I don't have that idea. There is sometimes, though, a tradeoff between current
needs and future needs; and that tradeoff can not always be predicted. When
that happens, it's logical to give current demands priority.

I can't for example, predict whether a future maintainer of my code would
prefer code written with multiple returns, or code that sets temporary values,
or code that uses a set of nested ifs, or code that assigns function pointers
to a matrix and calls code based on the indices. Each technique has potential
drawbackss in terms of future maintainability, likelihood of errors, and speed
of immediate implementation. Trying to guess what a future coder (other than
myself) will think is just not important in that case.

Effective Principles can only be Established based on a given development
environment, and it's the responsibility of those in charge of the environment
to make sure the established principles are effective and followed by the
developers.

------
edw519
"...and it often simplifies the code to have multiple returns."

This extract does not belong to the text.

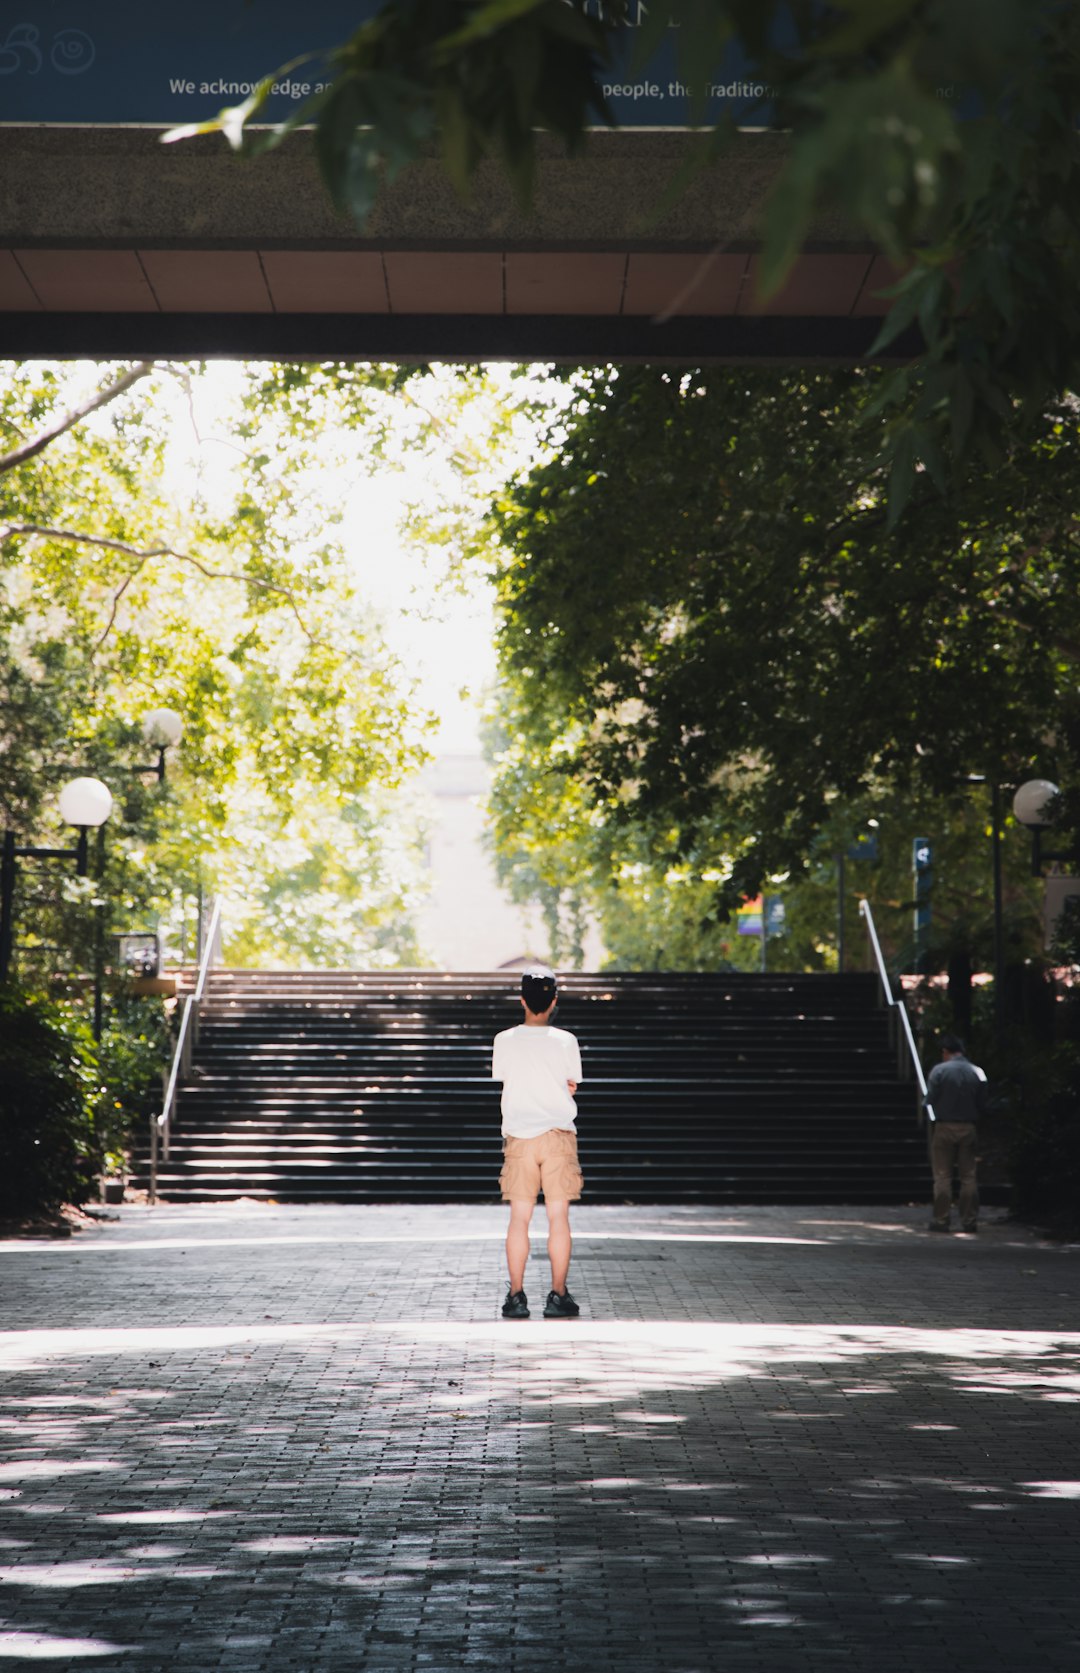 man in white t-shirt and brown shorts walking on sidewalk during daytime

Today. And what happens after 10 other programmers modify your slick little
multi-return function? Nobody will ever be able to modify it again because the
entries and exits are lost among the garbage. This is the ongoing debate I've
had for years with "clever programmers". They're missing one critical point:
the guidelines of structured programming are not meant to make your life
easier; they're meant to keep the code alive longer by making life easier for
the poor schmuck who has maintain it (usually me).

Another Sign You're a Crappy Programmer:

You make your own rules in direct violation of effective established
principles because you think you know better.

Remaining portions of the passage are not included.